For non-LLMs, we have a high variety of frameworks with Python interfaces for running models, often built to call C bindings. This makes it impractical to run models directly from languages like Rust—you’d need to implement an idiomatic layer for each model runtime, something already done for Python. Nvidia's Triton covers a lot, but is it even designed for embedded use? And how feasible is adding custom logic?
For LLMs, it feels like the opposite. There’s a smaller set of frameworks (e.g., llama.cpp, vllm), each supporting a wide range of models. This makes it relatively straightforward to integrate them into other languages like Go, as you only need to maintain a few idiomatic layers.

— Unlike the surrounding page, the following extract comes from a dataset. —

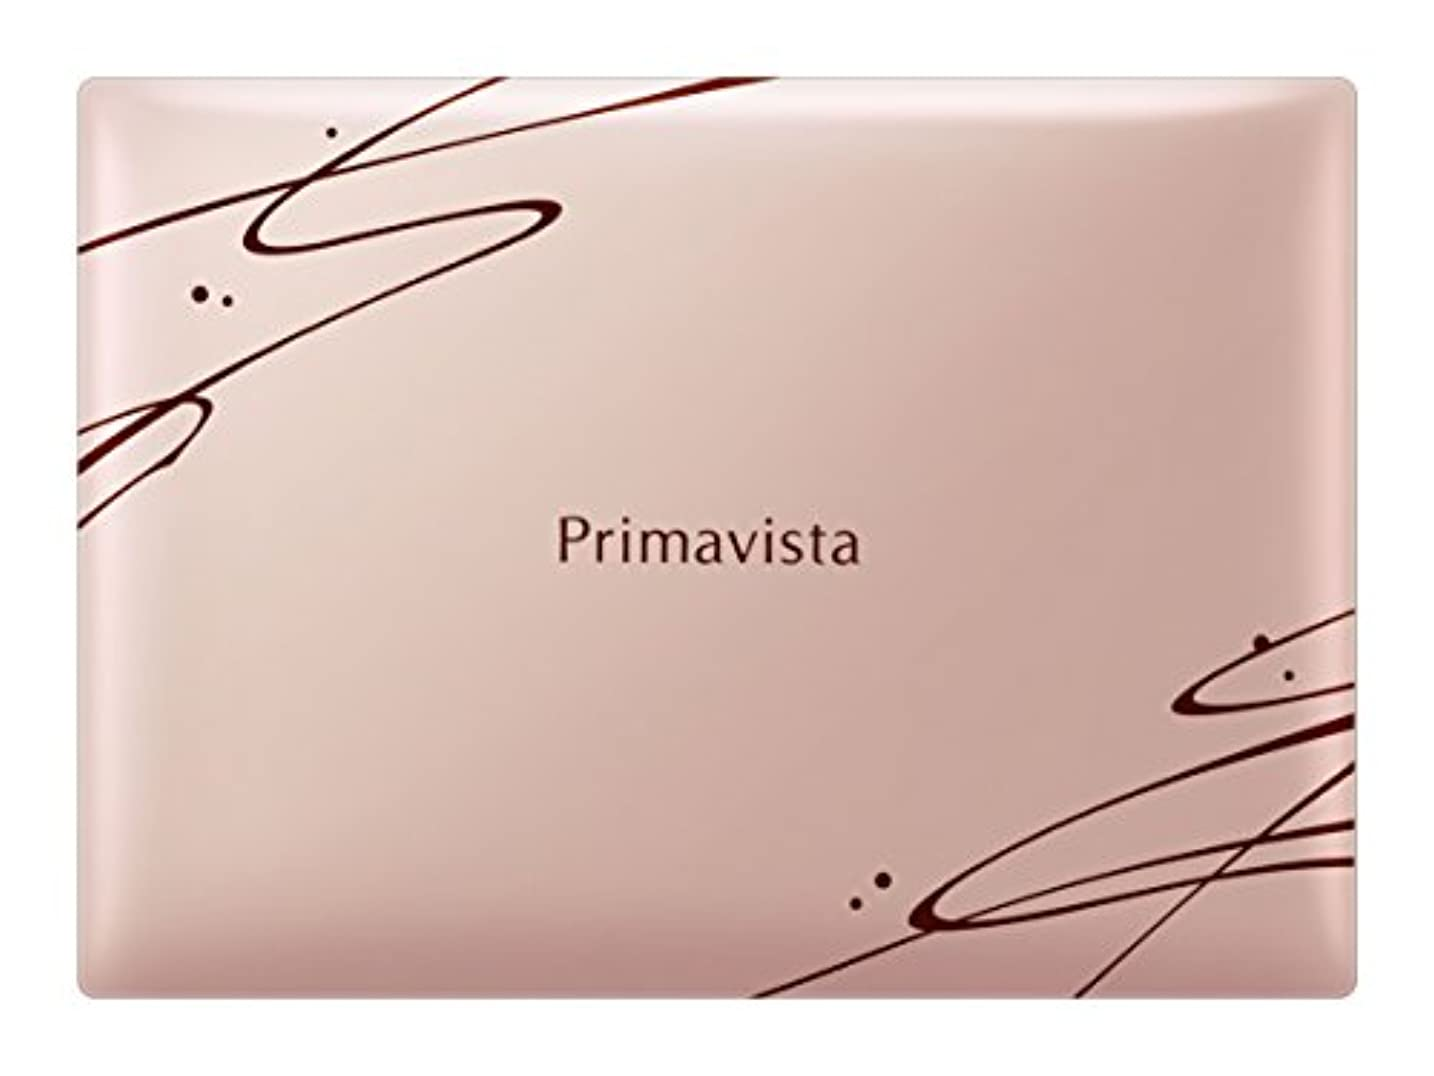 オプショナル樹木モンキーソフィーナ プリマヴィスタ きれいな素肌質感パウダーファンデーション(オークル03)+限定デザインコンパクト

To me, it’s a no-brainer that Go or Rust will replace Python for serving LLMs. They’re CPU-intensive, Python is generally slow, and the limited number of LLM runtimes simplifies the transition.
(1) Python’s dominance in AI inference is driving, and will continue to drive, more investment in improving Python for lots of things that it isn’t great at right now that people want to do a long with AI inference. We’ve actually seen a lot of that over the last few years, with physics engines and robotics simulation platforms for Python, some of which are Python bindings for existing libraries written in other languages, but some of which are built in Python (e.g., via Taichi or Numba, both of which can produce and execute GPU kernels from Python code, and the latter of which can JIT and parallelize (mostly numeric) Python code on CPU, as well.) This will also include investment in Python’s core and standard library to address pain points.
(2) The increasing importance of AI inference will at the same time drive more investment in AI inference libraries for non-Python platforms.
The relative balance between the progress of those two efforts will be a big factor in how much Python is used in inference going forward, for AI in general, and for LLM’s in particular.